September 11, 2023 – Market Focus

Good morning, Farmer Family …

Main Markets

US farm markets closed mixed but mostly lower, on Friday.
Corn trade ended with 0.51% losses.
Soybeans settled 0.26% higher, rising from a two-week low.
The rest of the soy complex was mixed, as soymeal closed with 1.59% gains, while soyoil lost 1.01%.
The wheat trade pulled back out Black Sea premium, falling across all the board. Chicago SRW, indeed, ended the session 0.67% in the red, hitting their lowest price in more than three months. Kansas City HRW closed 0.68% weaker, and Minneapolis spring wheat prices settled 0.52% lower.

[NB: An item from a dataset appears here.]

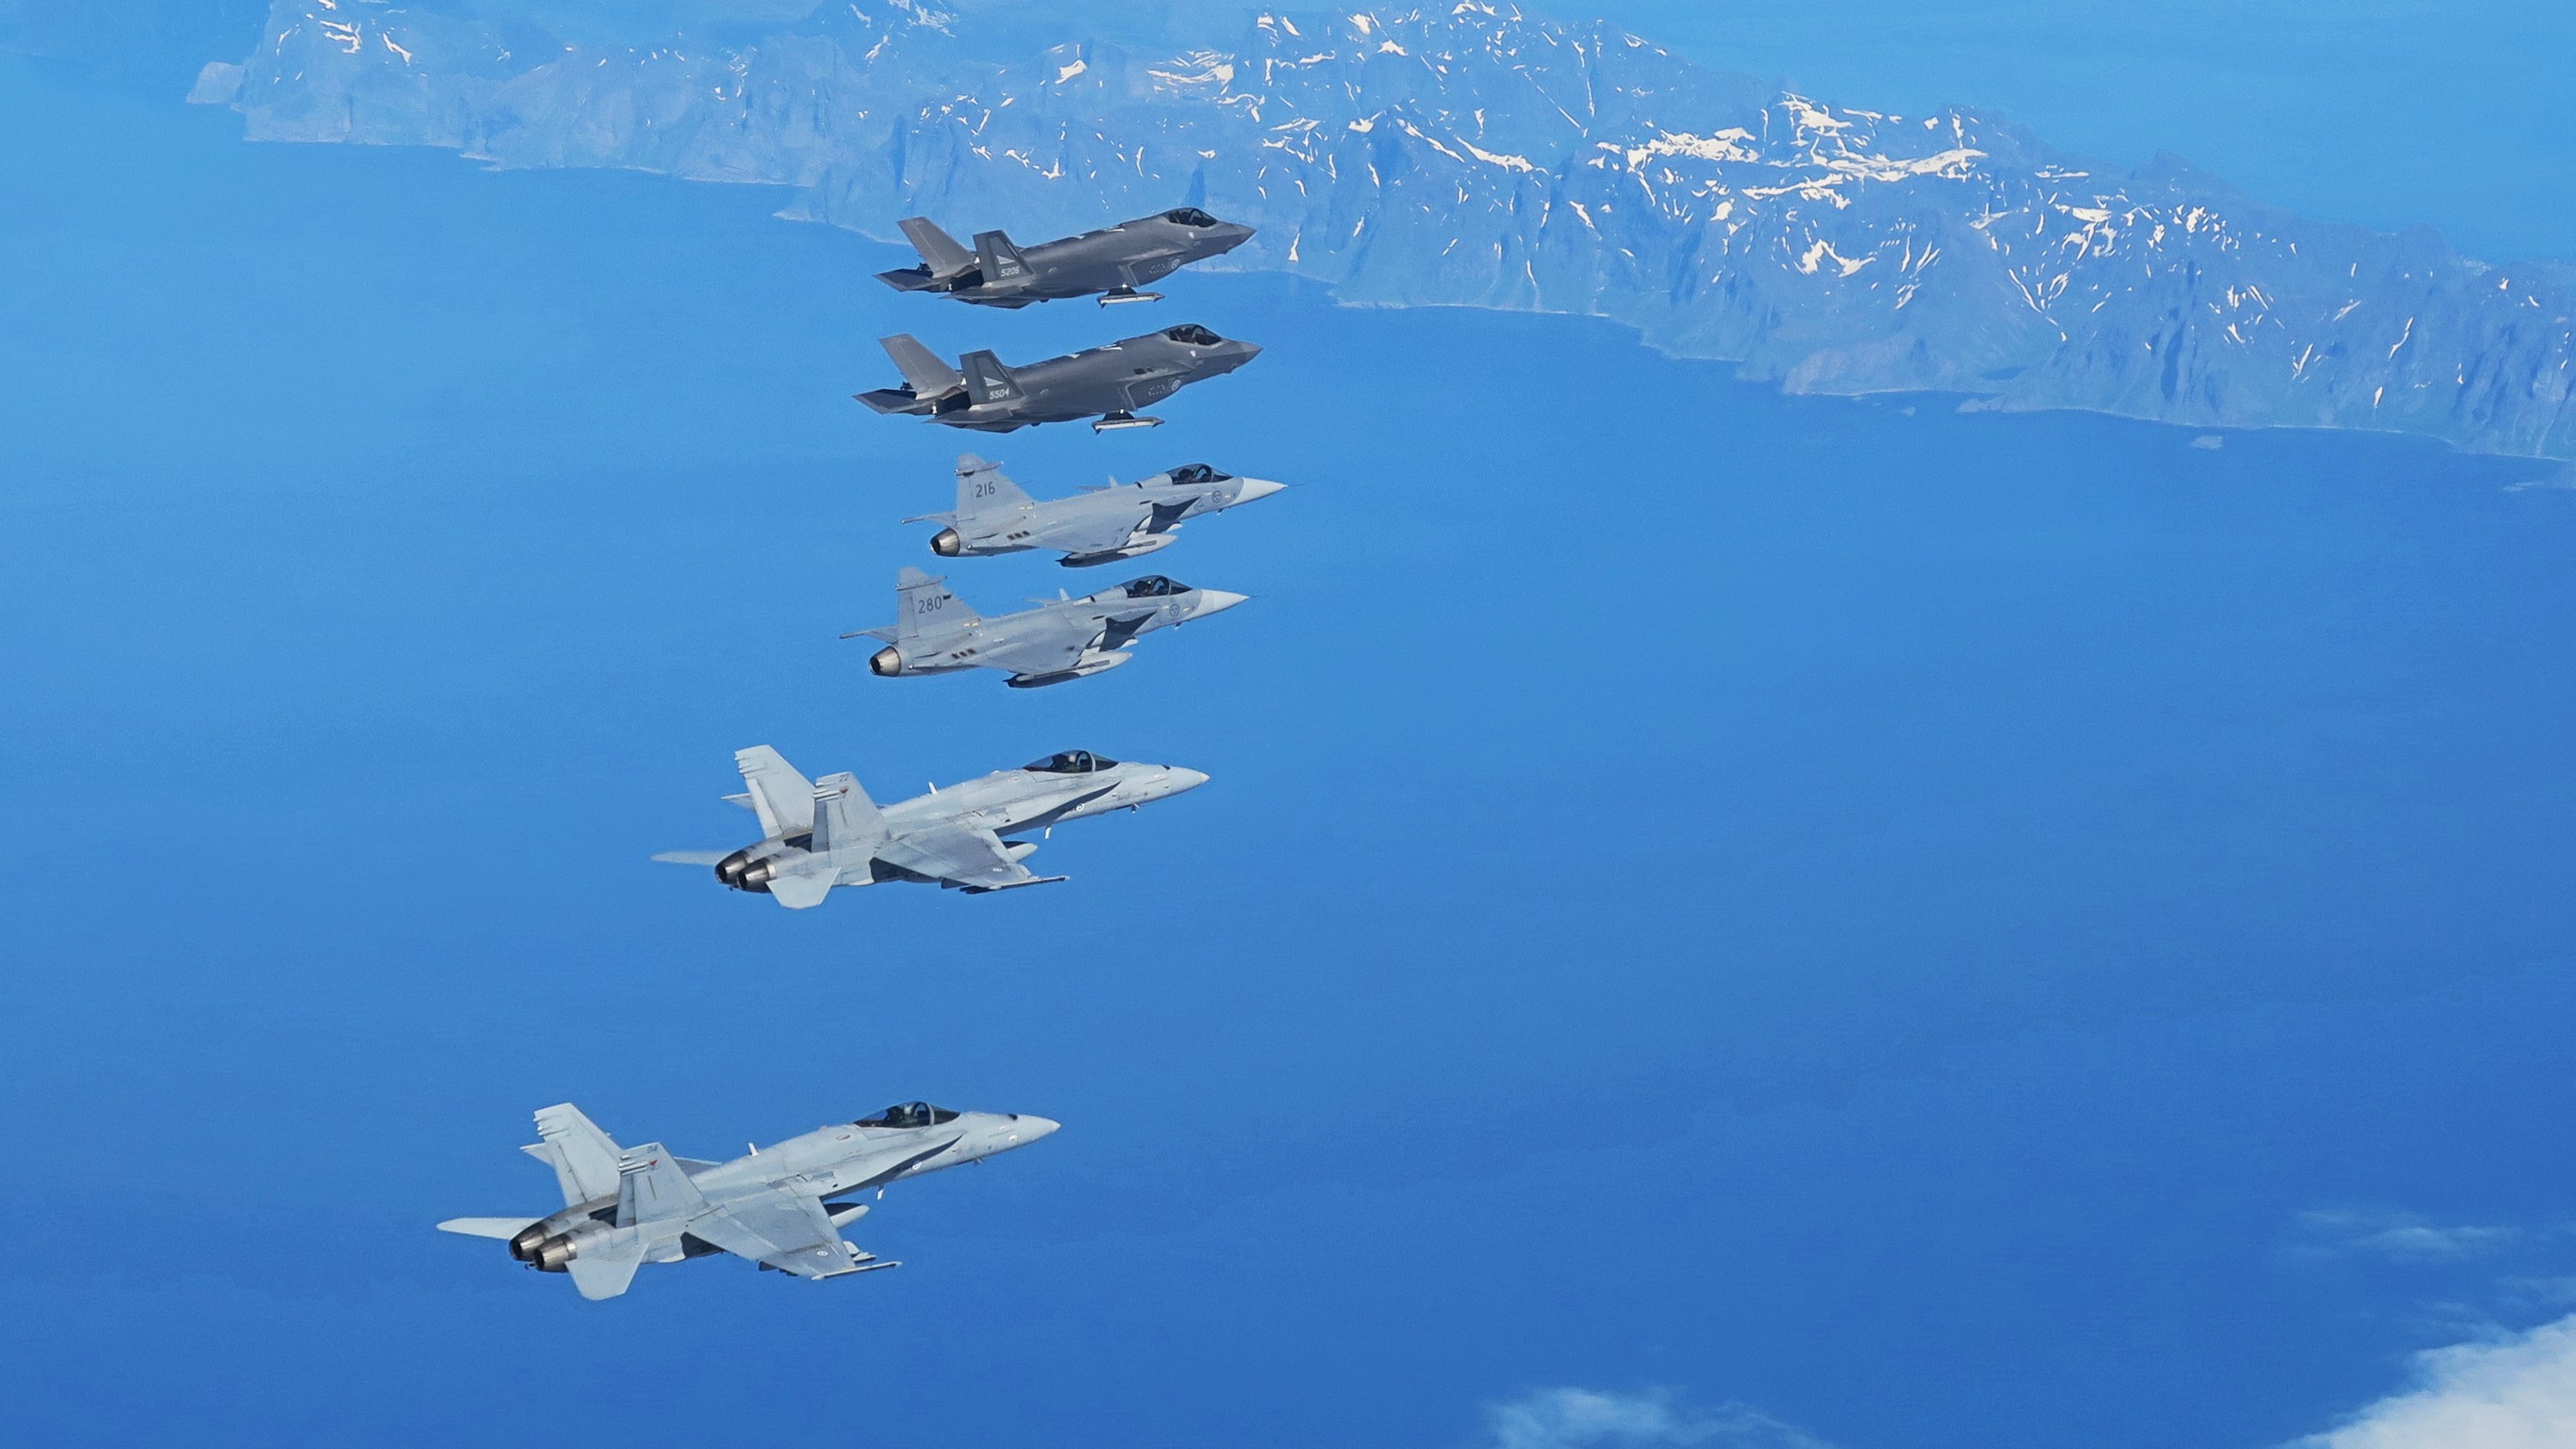 Two Finnish F/A-18 Hornets, two Swedish JAS 39 Gripens and two Norwegian F-35As.

Delayed Weekly Export Sales data showed the old crop corn business during the week ending 8/31, was a net 15k MT of cancelations. Total 22/23 corn commitments were at 40.58 MMT. New crop export sales were at 950k MT for a total forward commitments of 10.4 MMT.
For soybean, the report showed 155.6k MT of old crop sales and 1.783 MMT of new crop. The old crop commitments finished the MY with 53.43 MMT. New crop business started the season with 15.94 MMT on the books. USDA had meal bookings at 297,077 MT for old crop and 143k MT for new crop delivery.

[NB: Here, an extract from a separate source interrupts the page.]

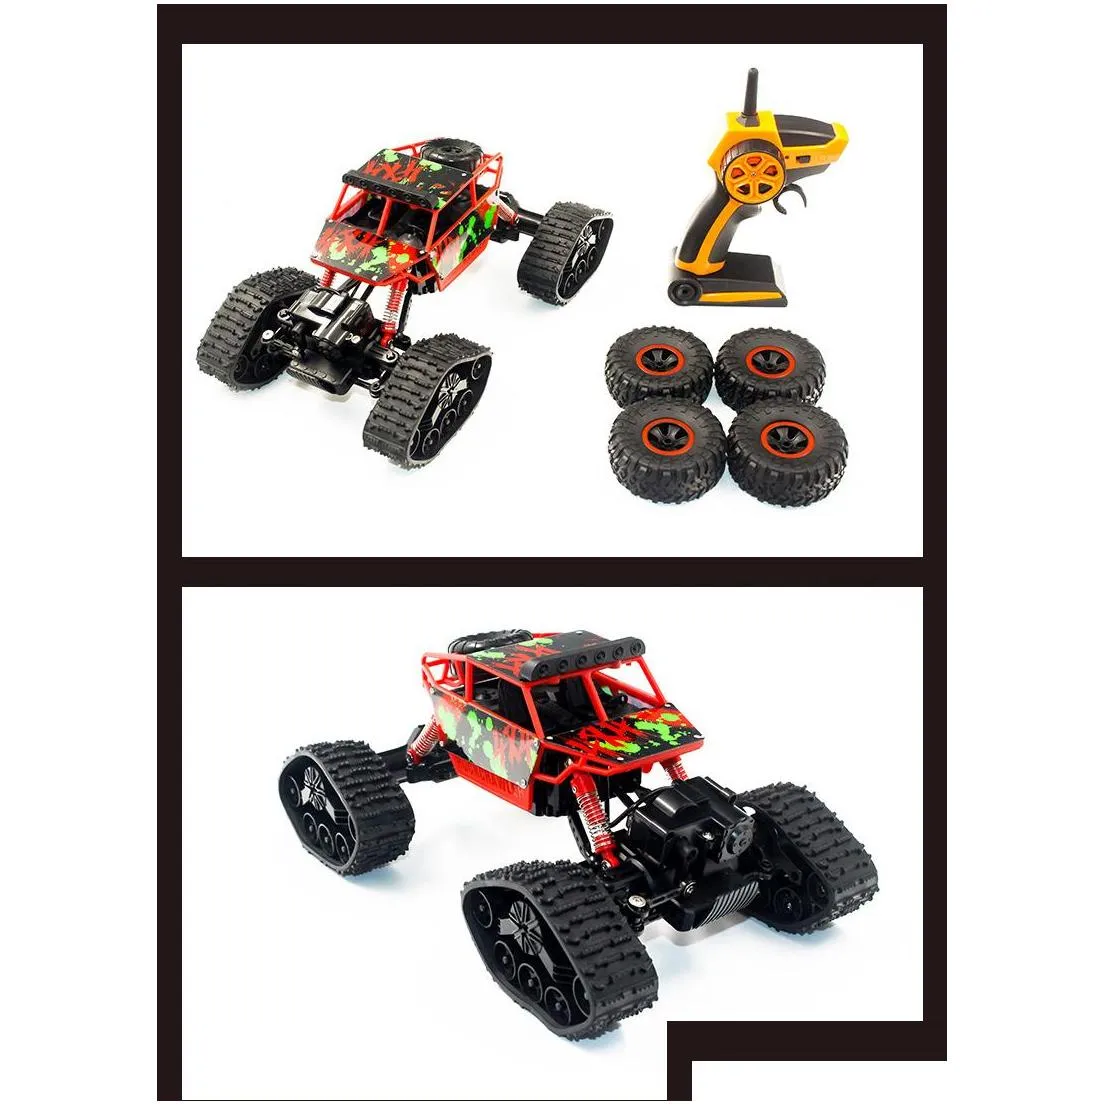 yy 2.4g rc crawlertype snow climbing car 118 monster truck suv with snow tire 4 spare tires ample power xmas kid birthday gift

Soy oil sales were marked at 878 MT of net cancelations.
For wheat, the USDA reported 370,341 MT of export sales, for a total 7.875 MMT.
Separately, the USDA confirmed a private export sale of 121,000 metric tons of U.S. soybeans to China for delivery in the 2023/24 marketing year.
Tuesday the USDA will release their monthly Crop Production, WASDE, and Cotton Ginnings reports.
Consumer Price Index data will be released on Wednesday, with Producer Price Index out on Thursday morning.
NOPA crush data for August will be out on Friday.
Corn basis bids were mixed at river locations across the Eastern Corn Belt, and trending lower amid sluggish corn export prospects.
Soybean basis bids on the Illinois, Mississippi, and Ohio Rivers continued lower, as well as in the Western Corn Belt. By contrast at a processing plants in the East were higher.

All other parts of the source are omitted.